Roasting veggies is a pretty good way to get people who think they hate veg into eating them. As you roast the veg, you bring out the natural sugars in them and deepen the flavours, as well as give them interesting texture. My husband used to hate pretty much all veg that wasn't peas or carrots, and with a steady introduction of roasted broccoli with lemon and parmesan, roasted carrots with curry spices, roasted brussel sprouts with lemon and thyme, and roasted cabbage with dill seed and olive oil, he opened right up to eating veg and is now on the semi-vegetarian track with me. It's just a matter of looking for different ways to eat veg and introducing them as a thing with flavour and interest on their own, not just a mush on the side you have to eat.
Also, soups are a great way to get veg into things. You can build a lot of flavour in soups and the veg are a part of it, they don't just stand out on their own. If you've got an immersion blender, it's really easy to make pureed, velvety soups where everything blends instead of facing down a bowl of veggie chunks that might turn him off.
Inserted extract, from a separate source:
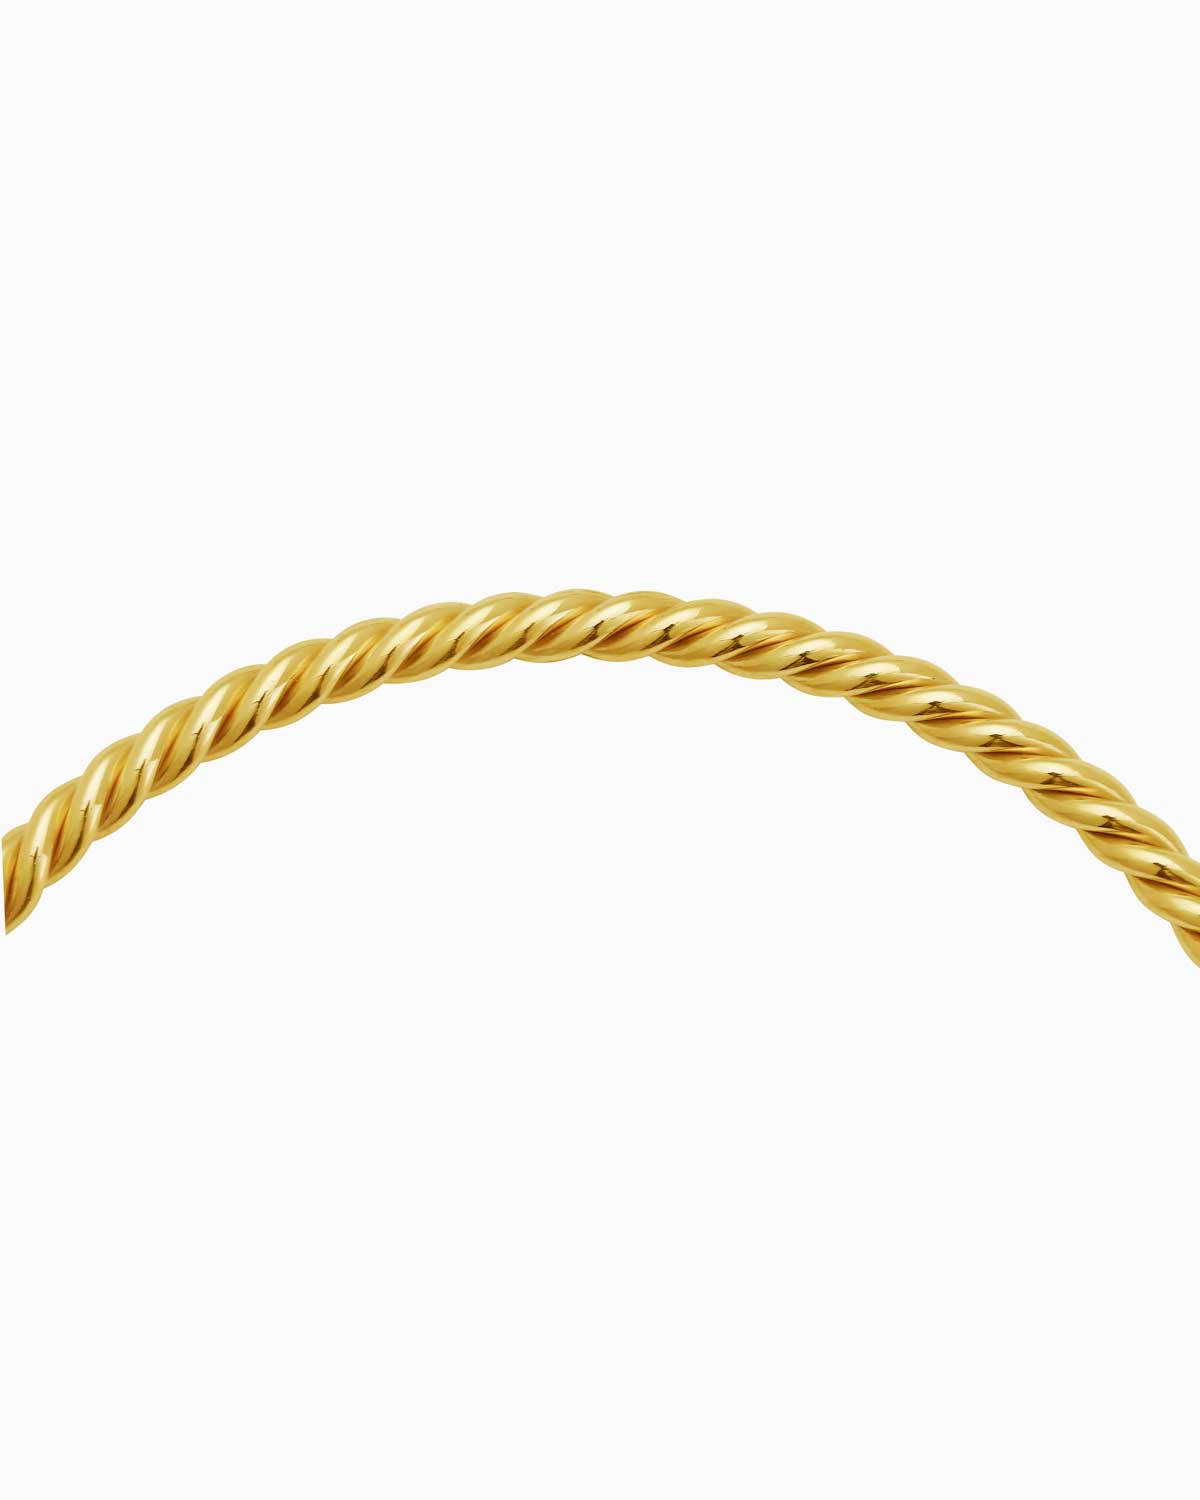 close up of 9 karat yellow gold solid twisted bangle

Mileage may vary, though -- my husband loathes pureed soups, so it's not a sure thing.
I'd talk with him about your eating habits and your need to budget better, and work with him on introducing things into his diet rather than springing new food on him. People who are active participants in picking their own food tend to accept change better. Otherwise, it's easy to get pushed into the corner of being the mom-like figure who's making him eat his veggies. Involve him in the process. Push him to find things he's willing to try. Look for recipes together. Agree to try a new thing every week or every two weeks. And while you're in that process, keep adding veg to things he already likes -- add it to pasta sauce, work minced carrots or mushrooms into hamburgers, etc. But he's got to be on board with the change, or else it could turn into you buying and cooking food he refuses to eat and him going out to spend money on takeaway. So try to work together.